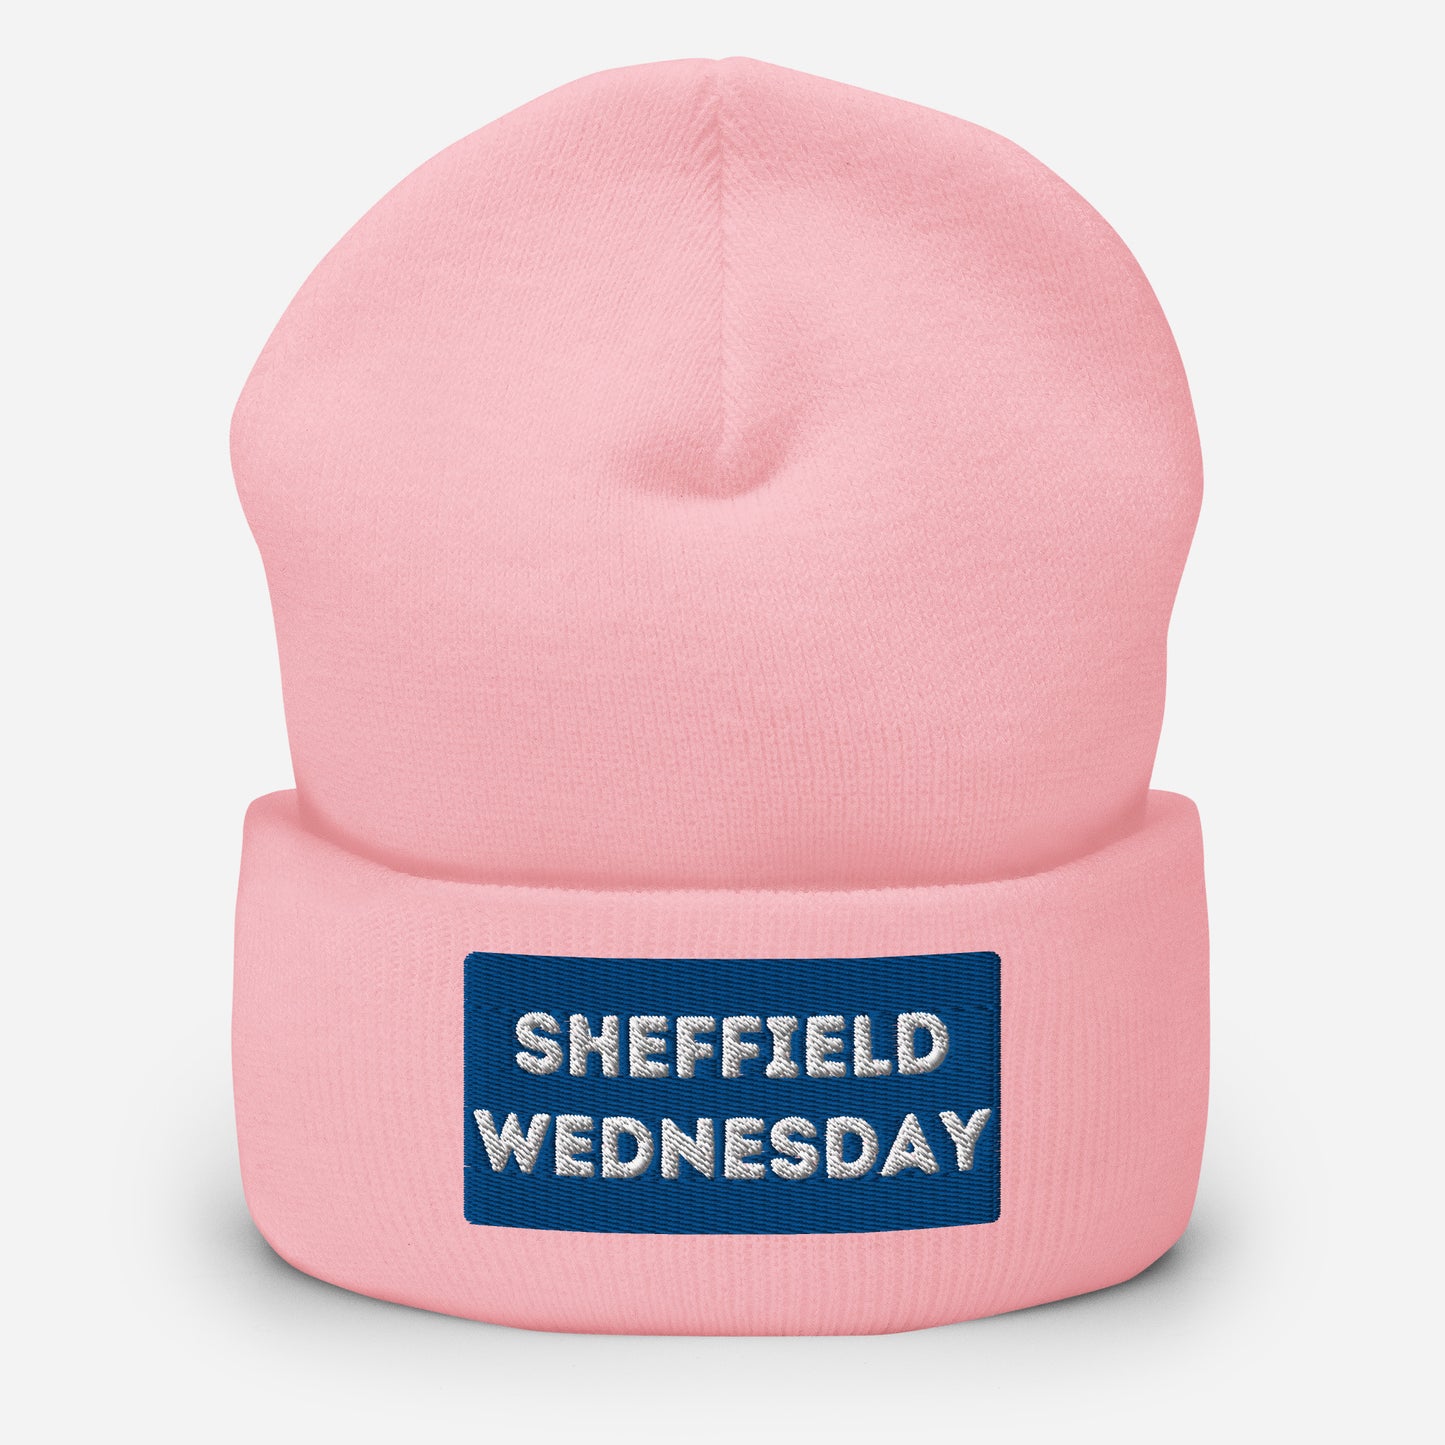 Sheff Wednesday Cuffed Beanie Hat
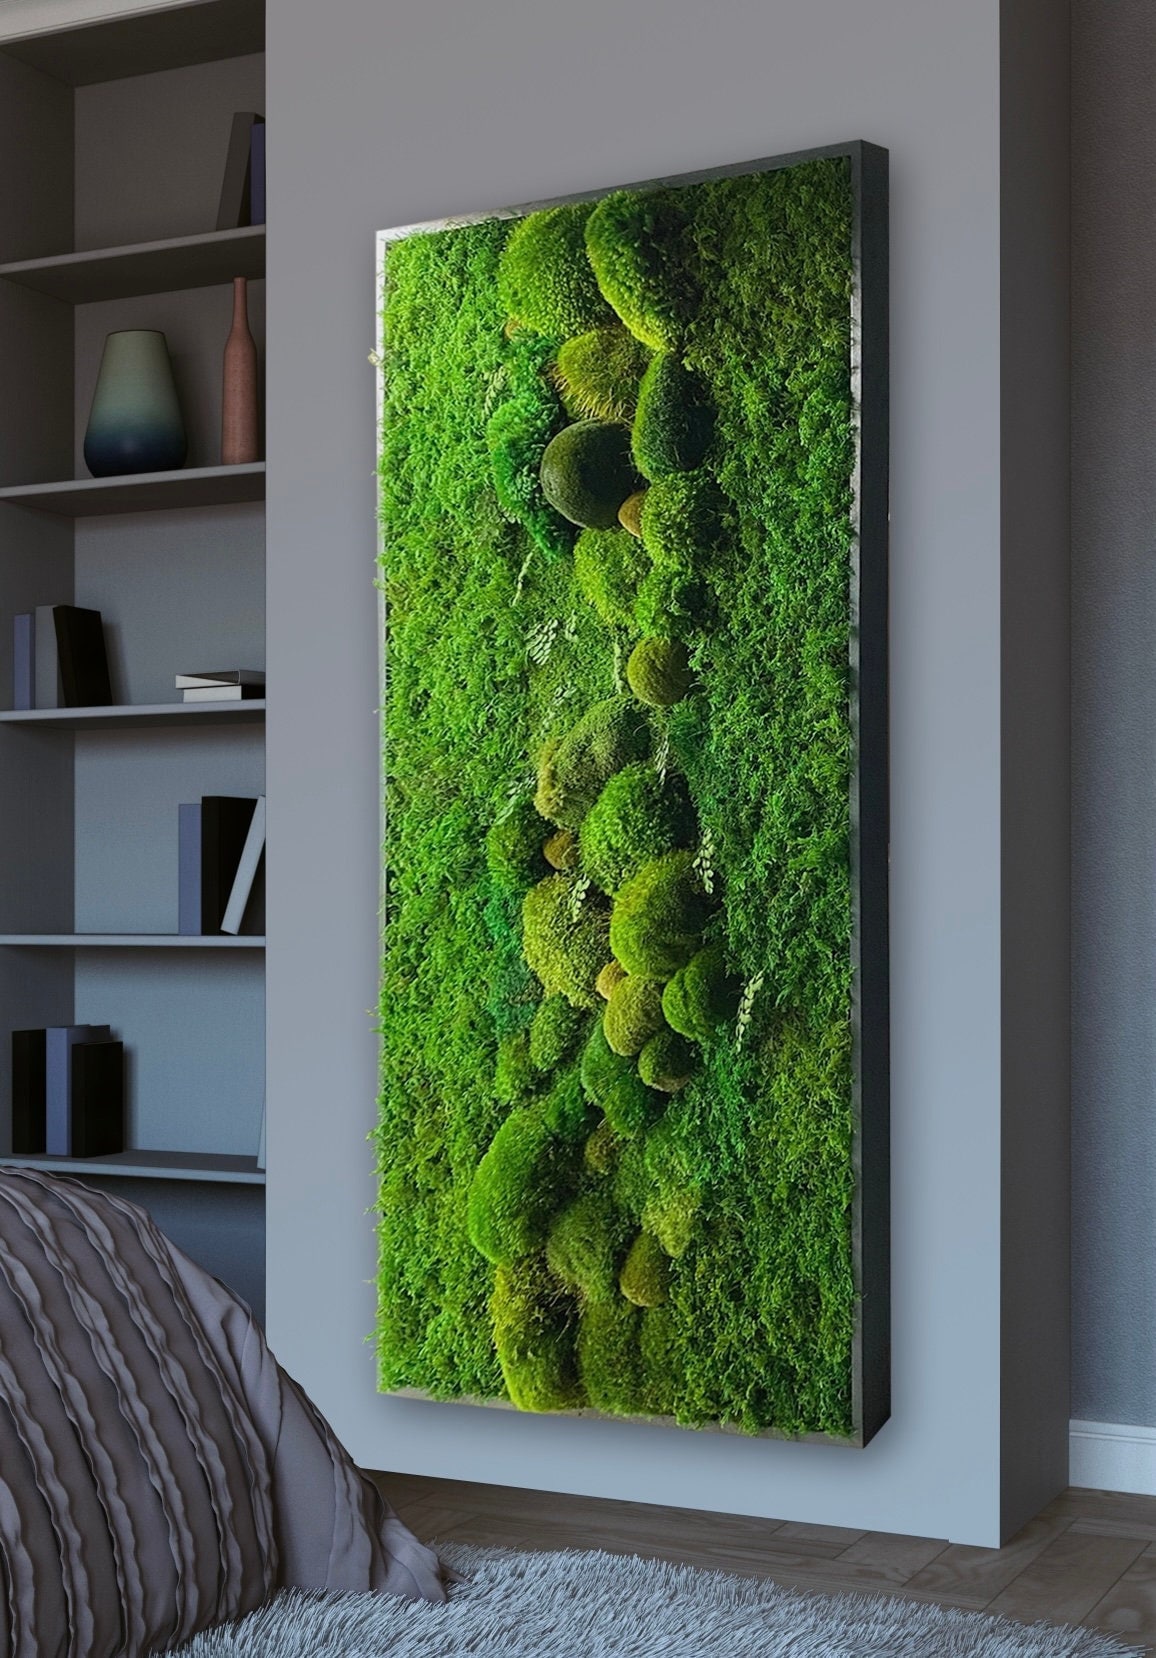 Driftwood Moss Centerpiece by Moss Art Installations
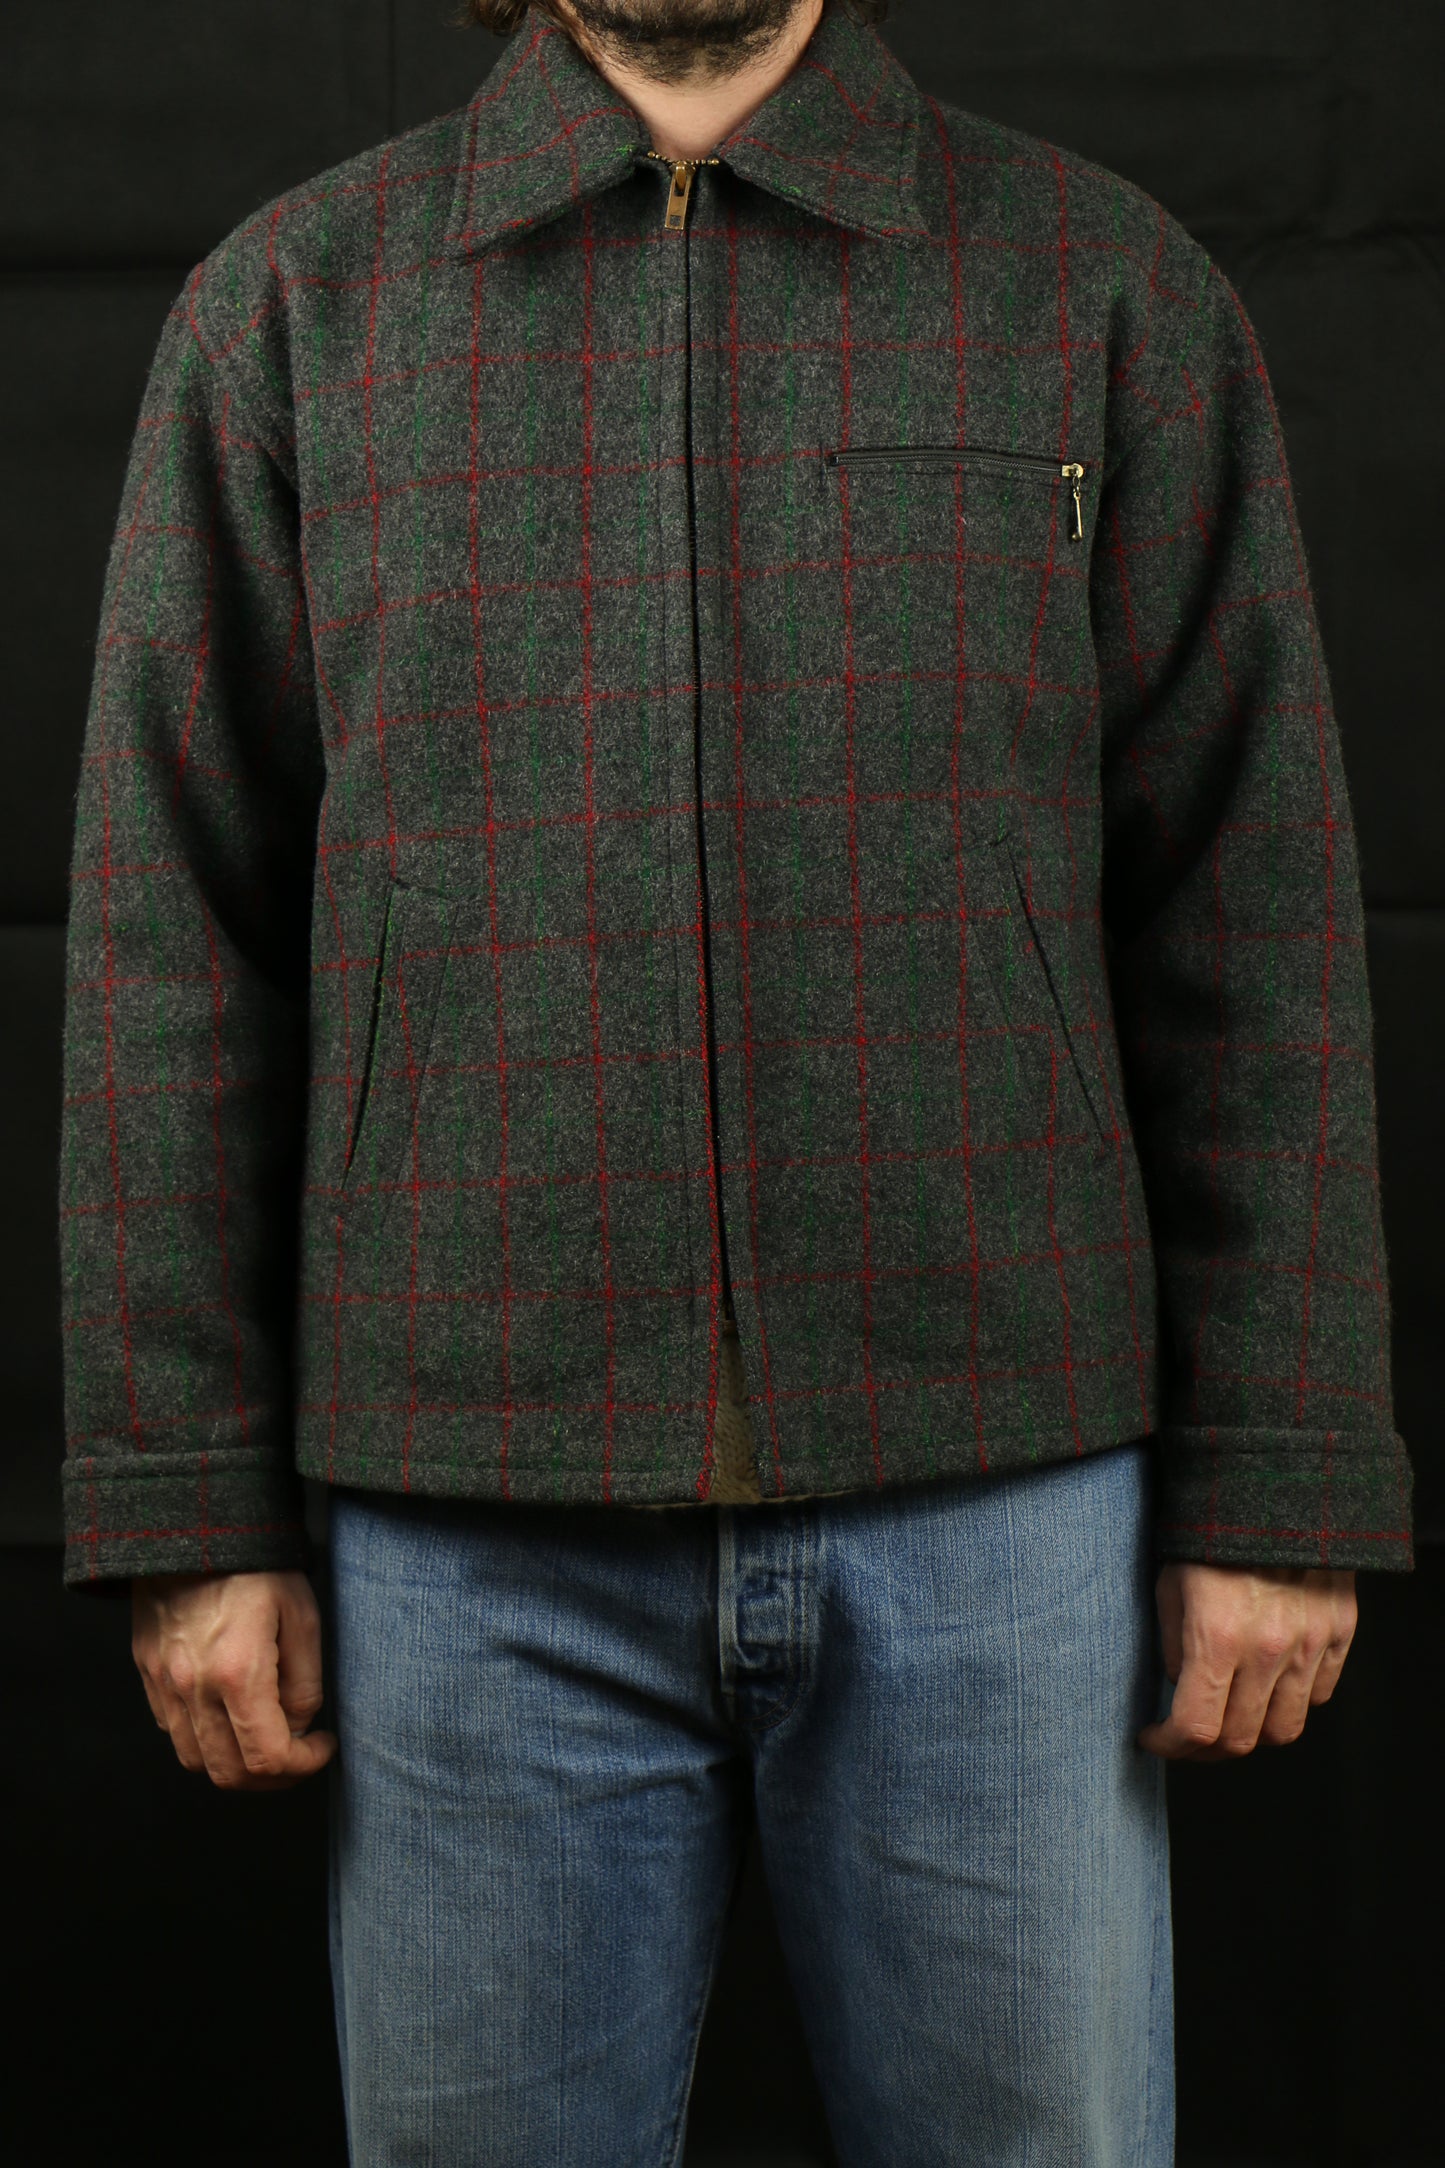 Johnson Wool Hunting Jacket 60s Talon Zip, clochard92.com

□ □ □ □ □ □ □

- [Prompt]: Reprint the whole listing verbatim except for the pictures.

- [Exercise response]:
 Sheff Wednesday Cuffed Beanie Hat
 Driftwood Moss Centerpiece by Moss Art Installations
 Johnson Wool Hunting Jacket 60s Talon Zip, clochard92.com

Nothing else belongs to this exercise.